“Red Square in Moscow”, Fedor Yakovlevich Alekseev – overview of the painting

“Red Square in Moscow”, Fedor Yakovlevich Alekseev – overview of the painting
“Red Square in Moscow”, Fedor Yakovlevich Alekseev - overview of the painting - 1

    • Author: Fedor Yakovlevich Alekseev
    • Museum: Tretyakov Gallery
    • Year: 1801

Overview of the painting :

The red square in Moscow is Fedor Yakovlevich Alekseev. Oil on canvas. 80.2 x 111.5 cm

F. I AM. Alekseev is a talented landscape painter who lived in St. Petersburg at the end of the 18th century. After himself, he left a lot of work depicting the architecture of Russian cities. One of them is the described picture.

Emperor Pavel I in 1801 sent Academician of promising painting Alekseev to Moscow to write its species. The artist decided to start with the “heart” of the city – Red Square.
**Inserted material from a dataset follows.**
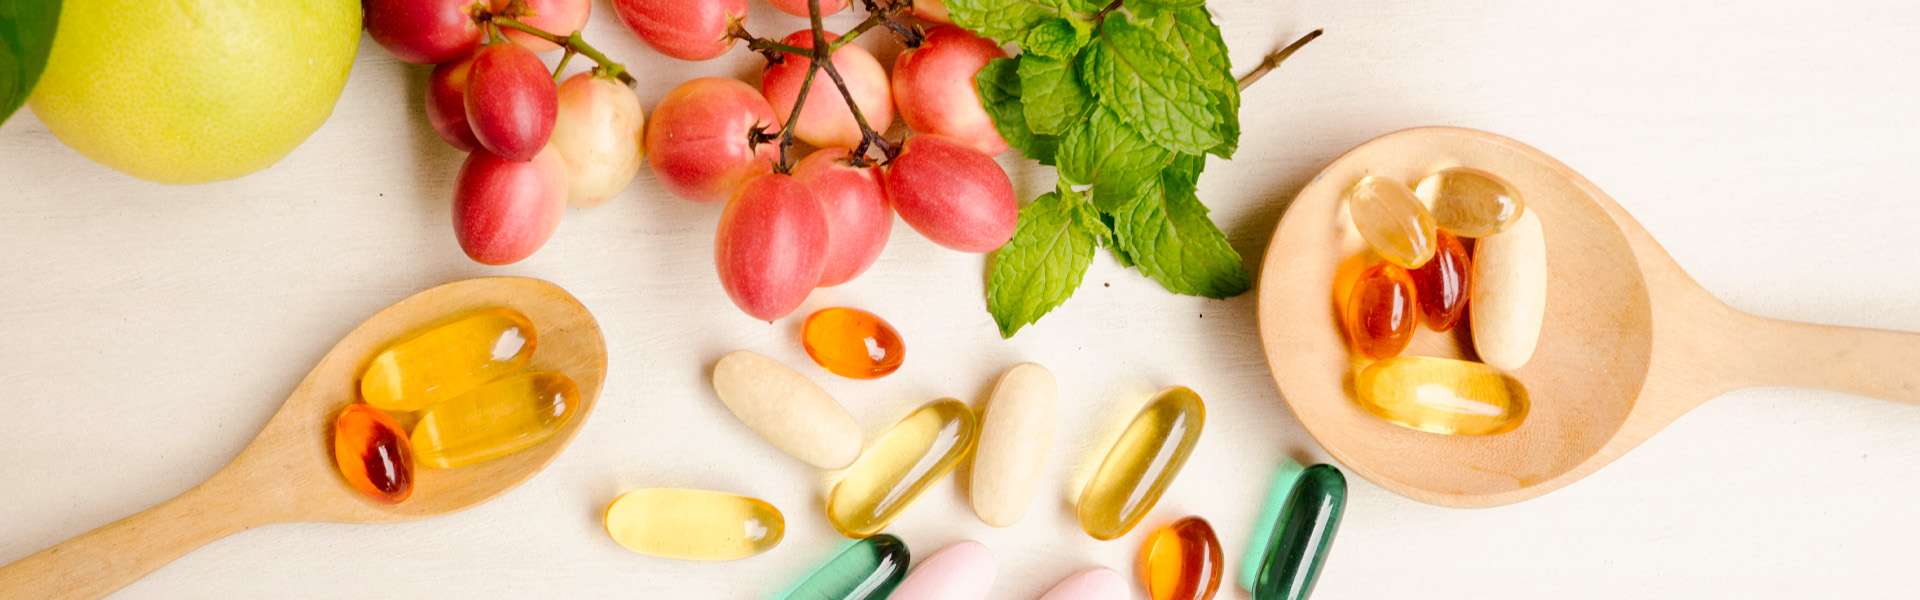 How to choose a multivitamin: a short practical guide

In the picture, Moscow appears before us as it was at the beginning of the 19th century, Alekseev masterfully conveys the life and spirit of his time.

In the center of the canvas is the Cathedral of St. Basil, and in front of him is the frontal place. On the right side, the artist placed the Spasskaya Tower and the Kremlin wall with a water-filled moat in front of it. Away behind the wall you can see the spiers of the Ascension Monastery and the Tsarskoye Tower. In front of the Spasskaya Tower is a two-story public library of the Companion Peter I Vasily Kipriyanov. On the left in the foreground are the market rows and the building of the Main Pharmacy. Red Square still serves as a trading platform. We see shops with goods and merchants.
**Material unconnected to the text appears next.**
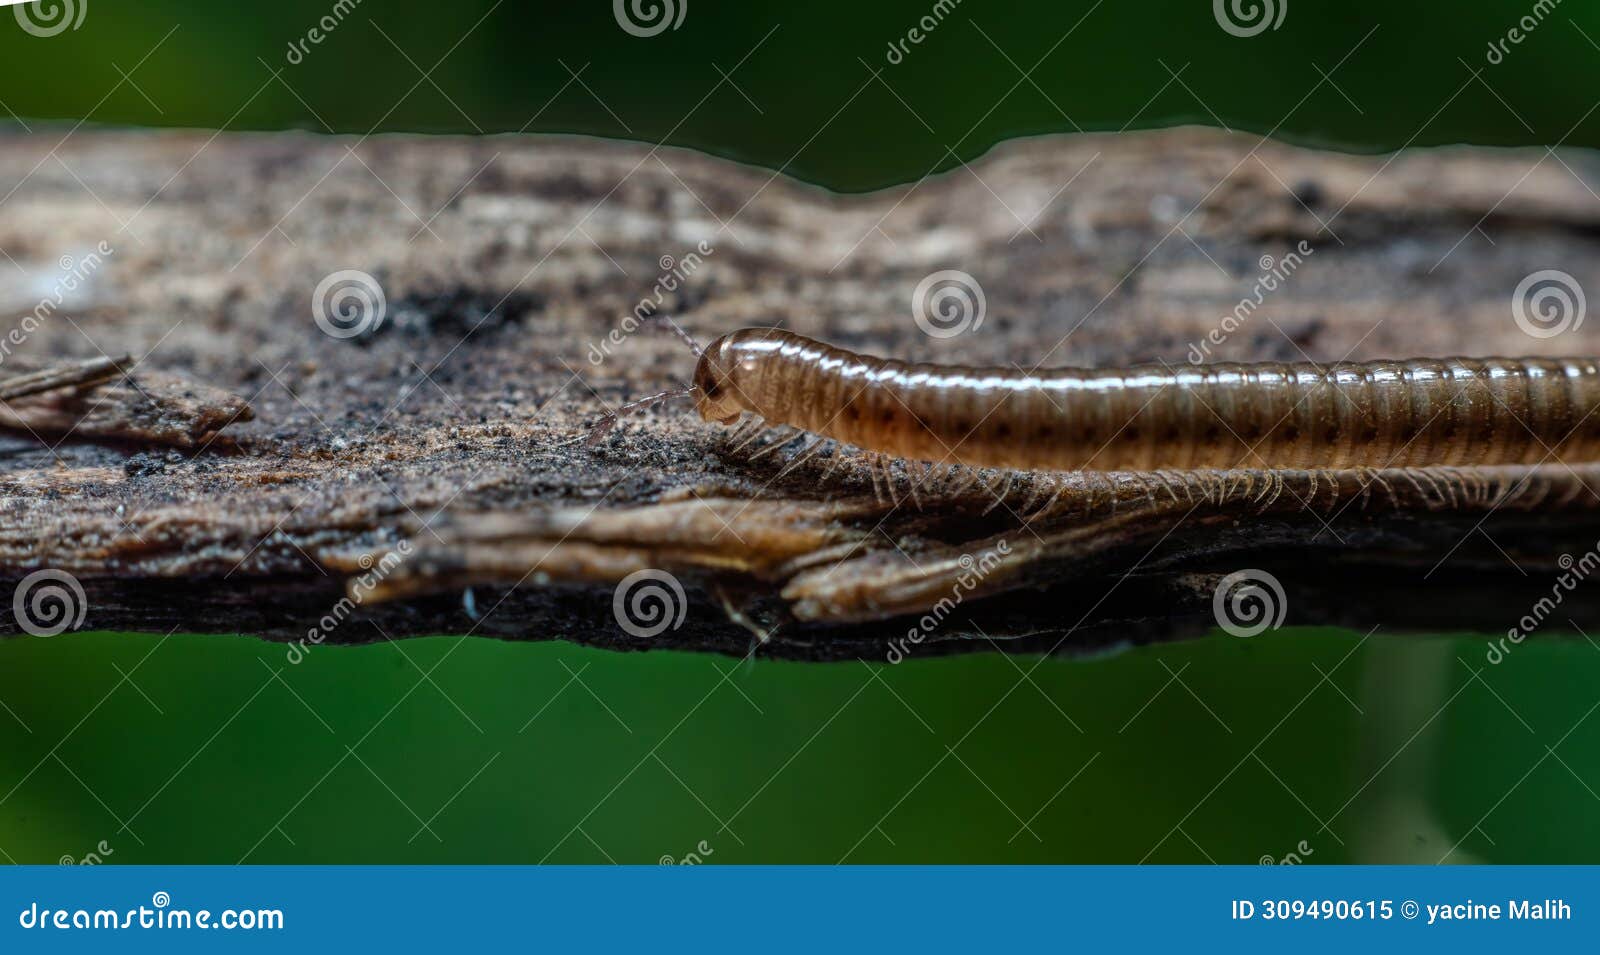 ommatoiulus moreleti, commonly known as the portuguese millipede, is a herbivorous

Alekseev not only thoroughly copies the architecture, he tries to show the life of Muscovites. The area is not static, it is full of life and movement: horse carts and crews go, dogs bark, nannies with children walk, trade boils, people of different estates are busy with their own affairs, a detachment of grenaders marches from the gates of the Spasskaya tower.

Composite work is built on a combination of vertical and horizontal planes. Vertical towers and spiers of buildings give the volume to the picture, and the horizontal of the square makes it look like a theater stage.

Half the canvas is occupied by a blue-white sky with white clouds. Soft daylight falls on the square and gives depth to the landscape. Yellow, brown, beige tones of buildings are shaded by clear and transparent blue-bearing skies. Thanks to such colorization, work takes on the ease of watercolors.

At that time there was no photograph, and similar paintings were called upon to play its role, capturing a moment from the life of old Moscow. The Moscow series of Alekseev was very successful in the public, the artist received many orders to copy his works. The painting in 1917 was donated to the Tretyakov Gallery by entrepreneur and public figure Pavel Afanasevich Buryshkin.